• **EXERCISE**
Copy the complete listing word for word, but do not carry over any images.

• **MATERIAL PROVIDED**
'''

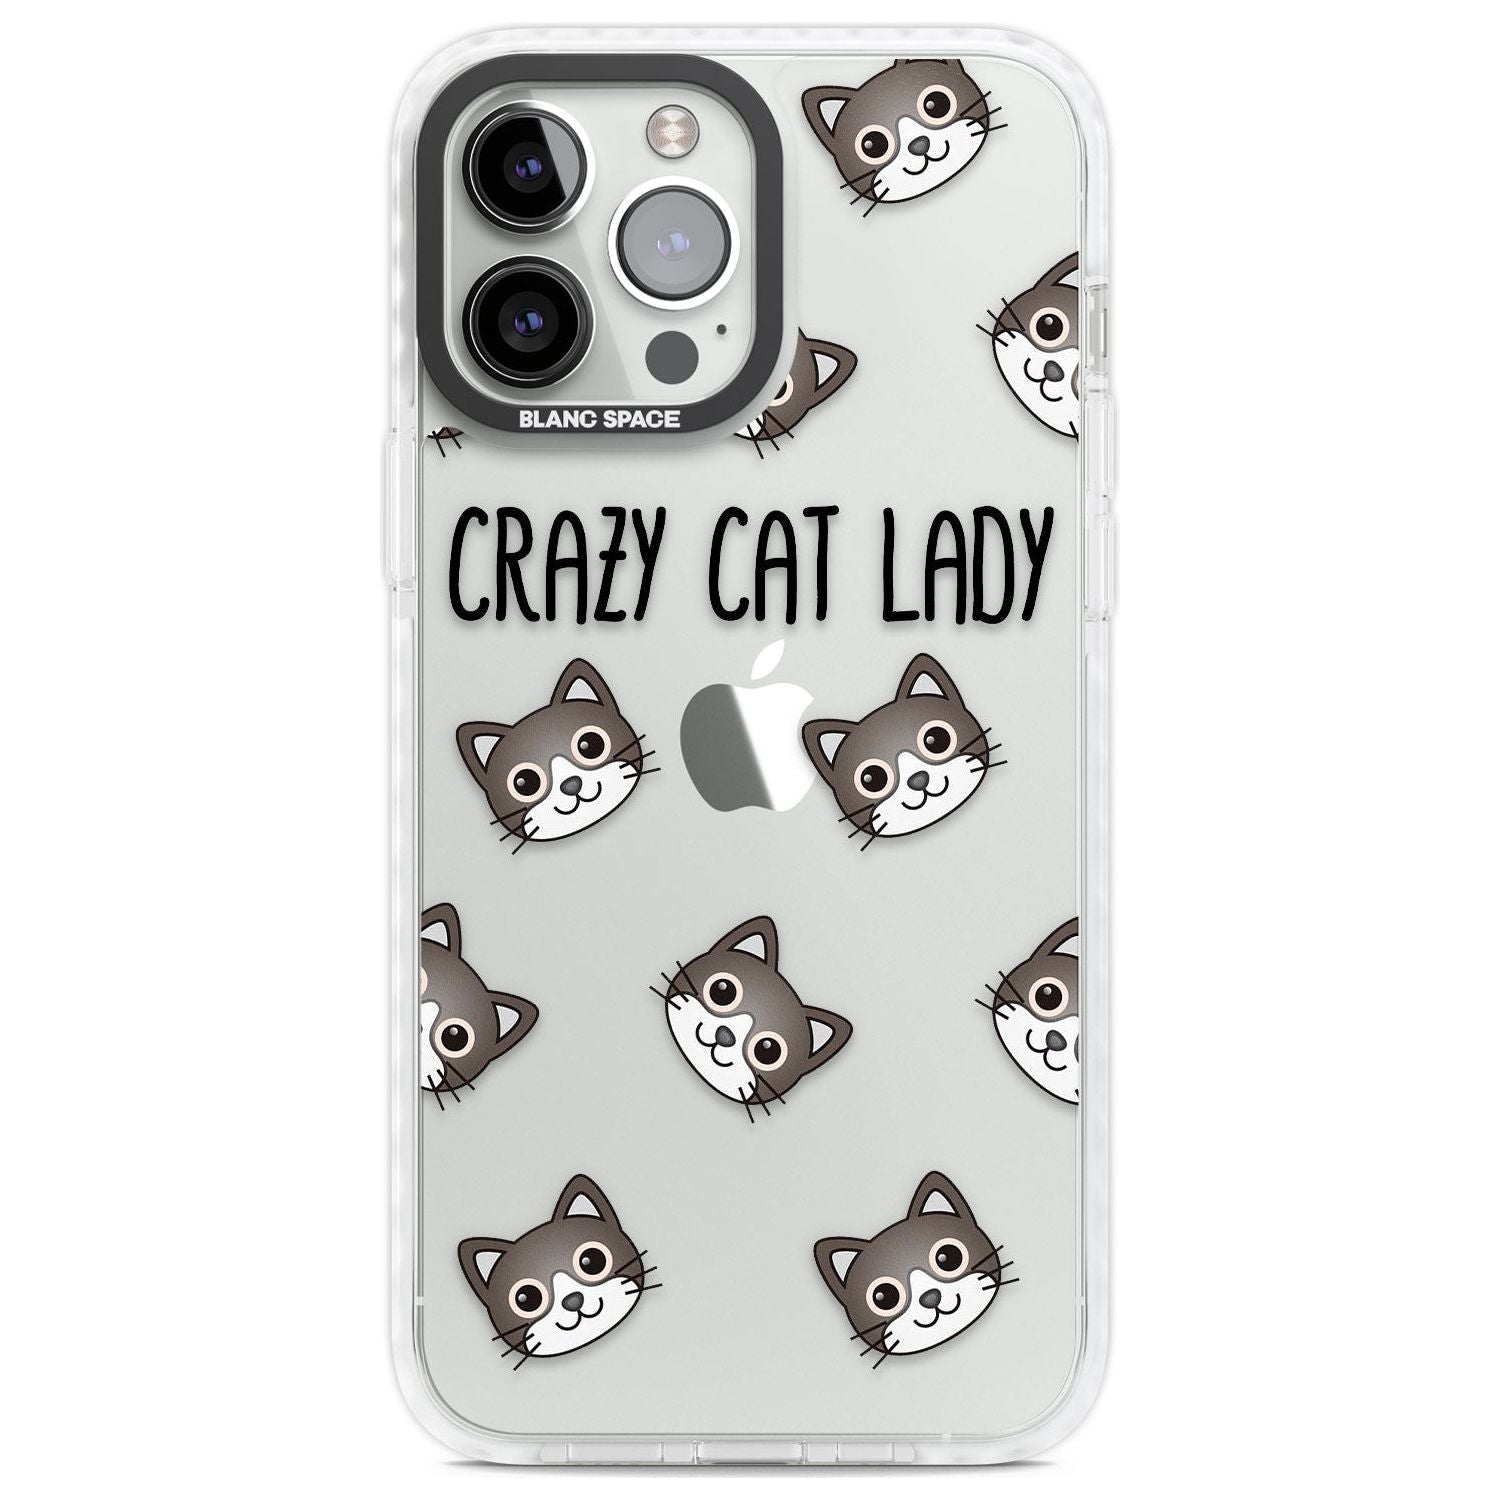 Crazy Cat Lady Phone Case iPhone 13 Pro Max / Impact Case,iPhone 14 Pro Max / Impact Case Blanc Space
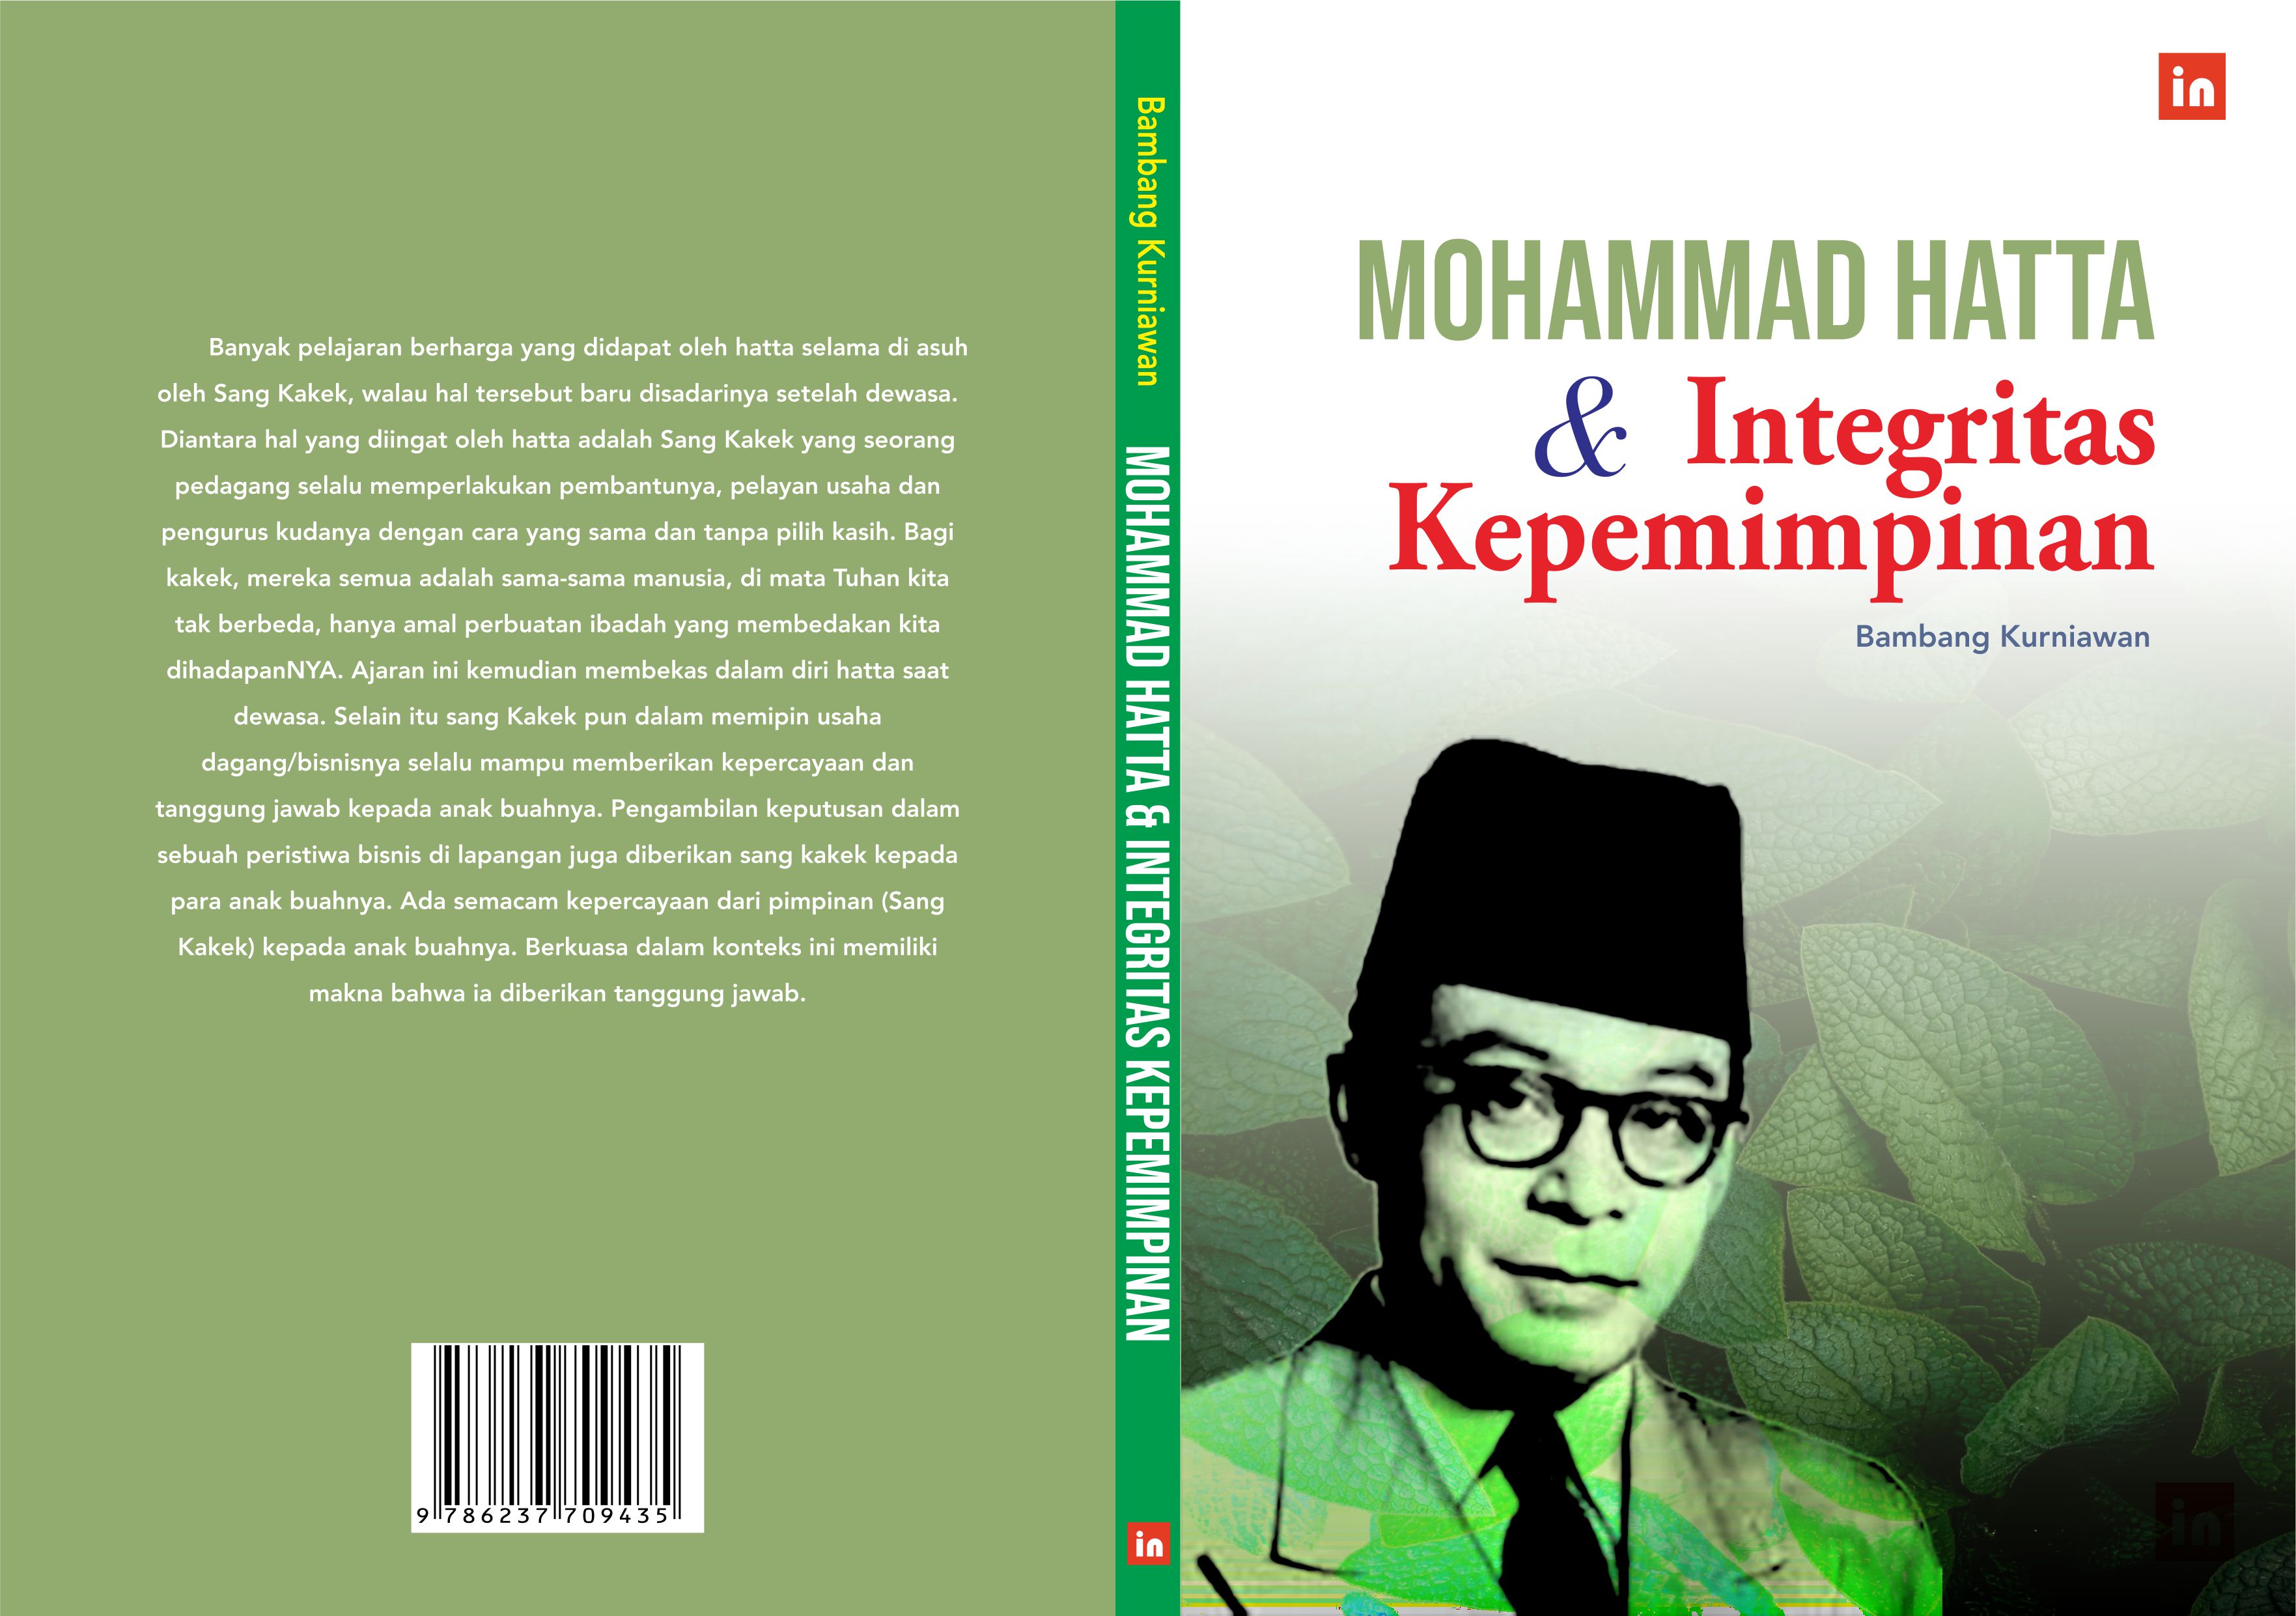 Mohammad Hatta & Integritas Kepemimpinan
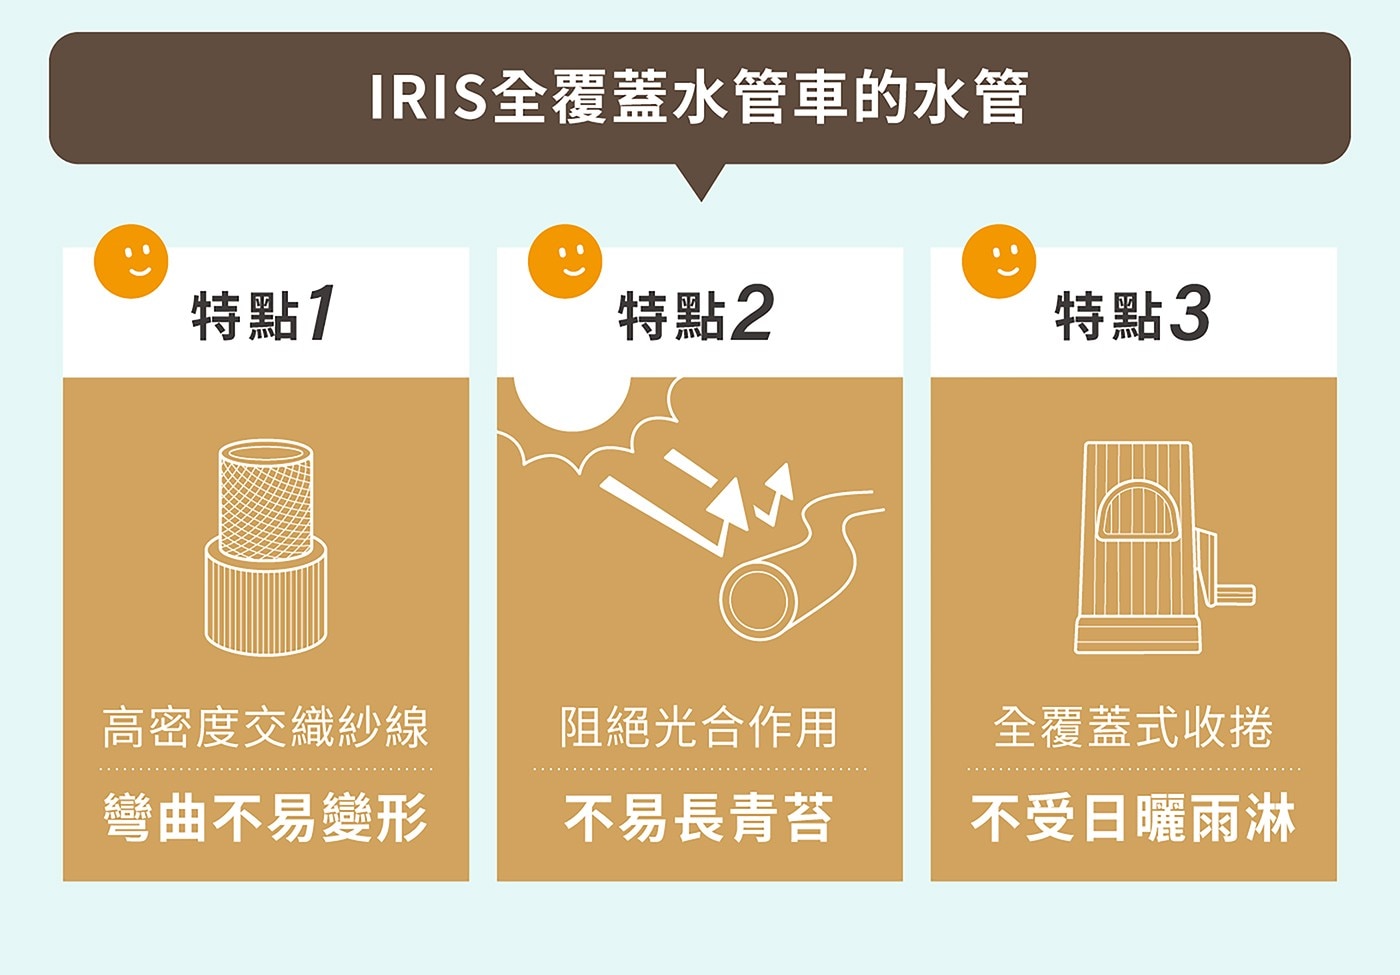 IRIS OHYAMA 全罩式水管車 產品介紹
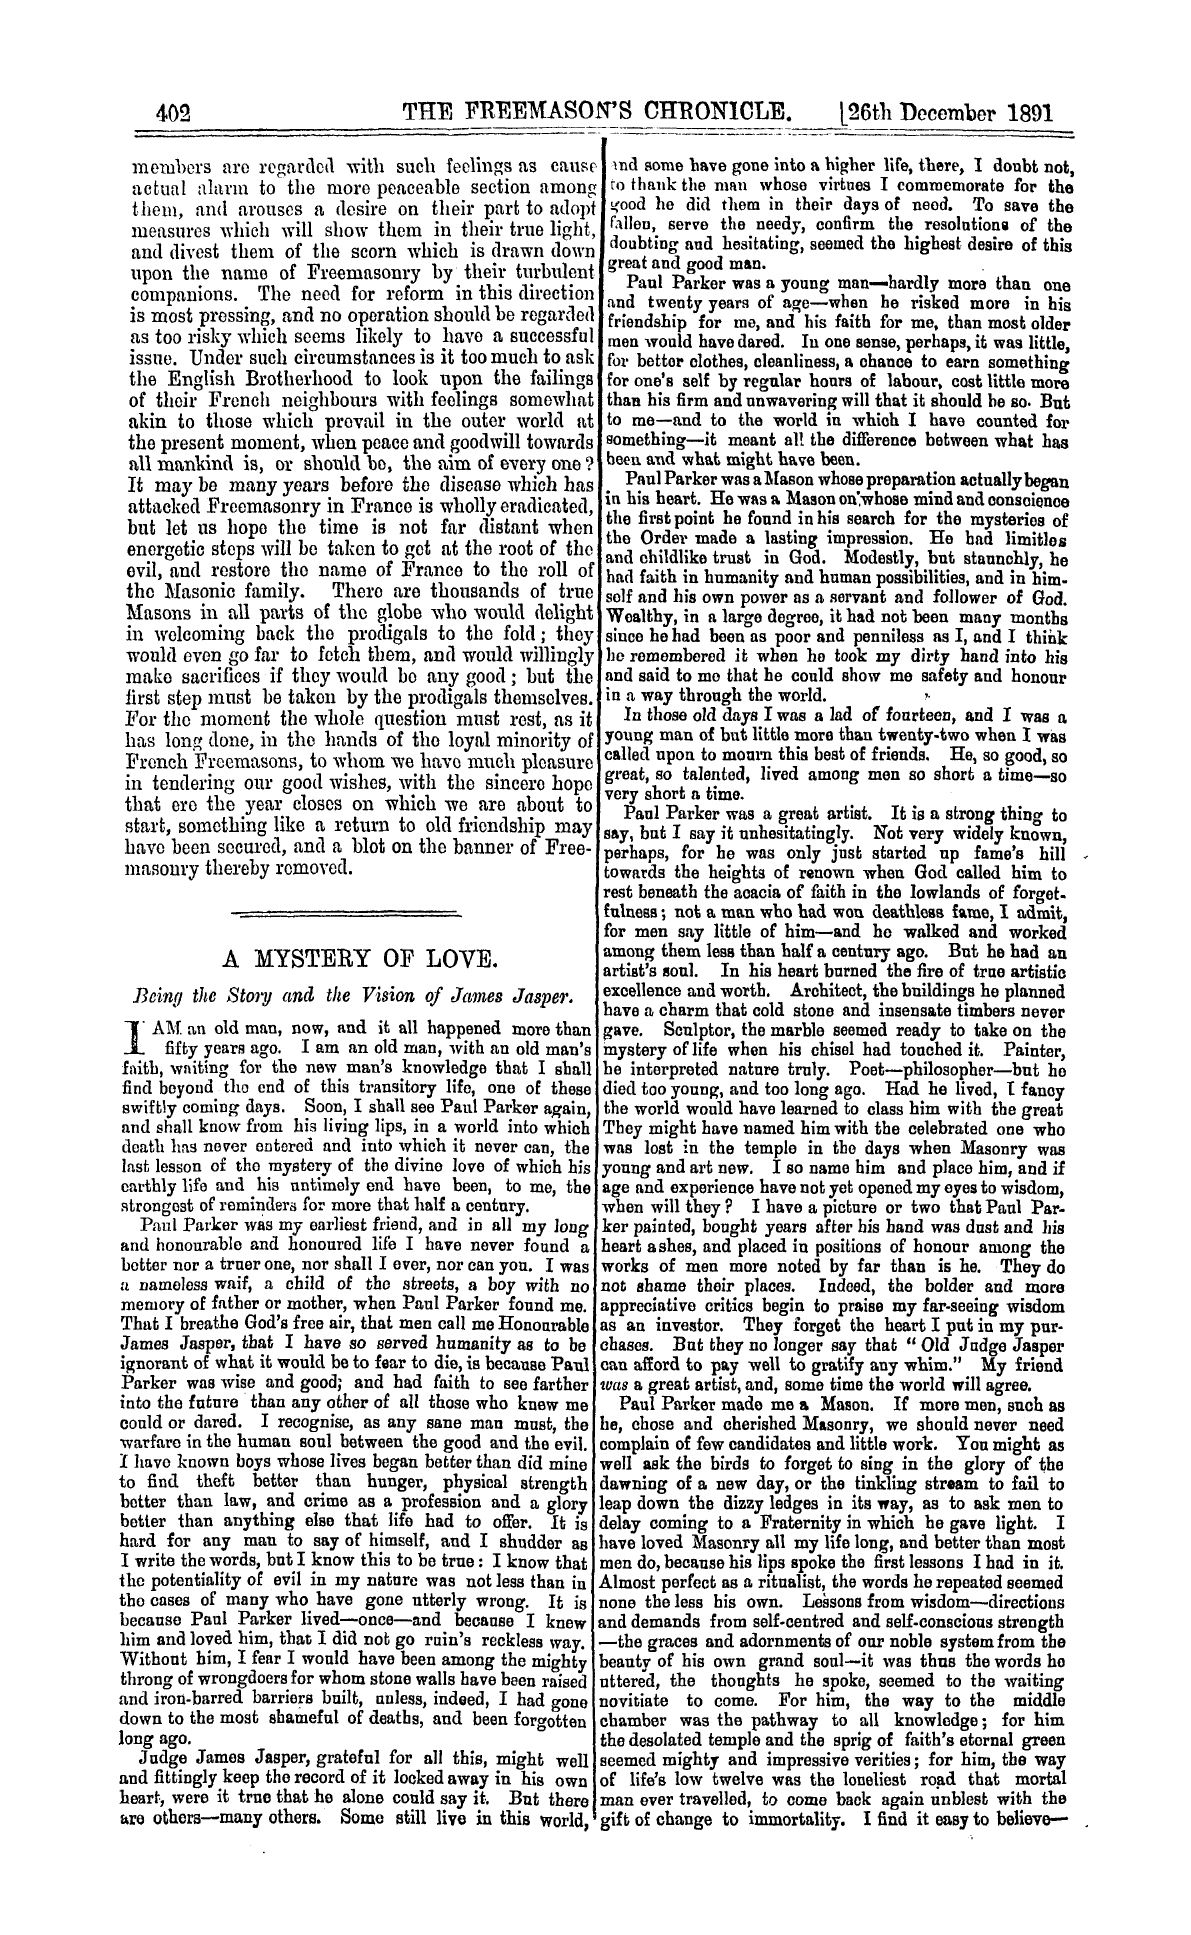 The Freemason's Chronicle: 1891-12-26 - The Prodigal's Return.

'''

• **ANSWER SECTION**
 Crazy Cat Lady Phone Case iPhone 13 Pro Max / Impact Case,iPhone 14 Pro Max / Impact Case Blanc Space
 Mohammad Hatta & Integritas Kepemimpinan
 IRIS OHYAMA 全罩式水管車 產品介紹
 The Freemason's Chronicle: 1891-12-26 - The Prodigal's Return.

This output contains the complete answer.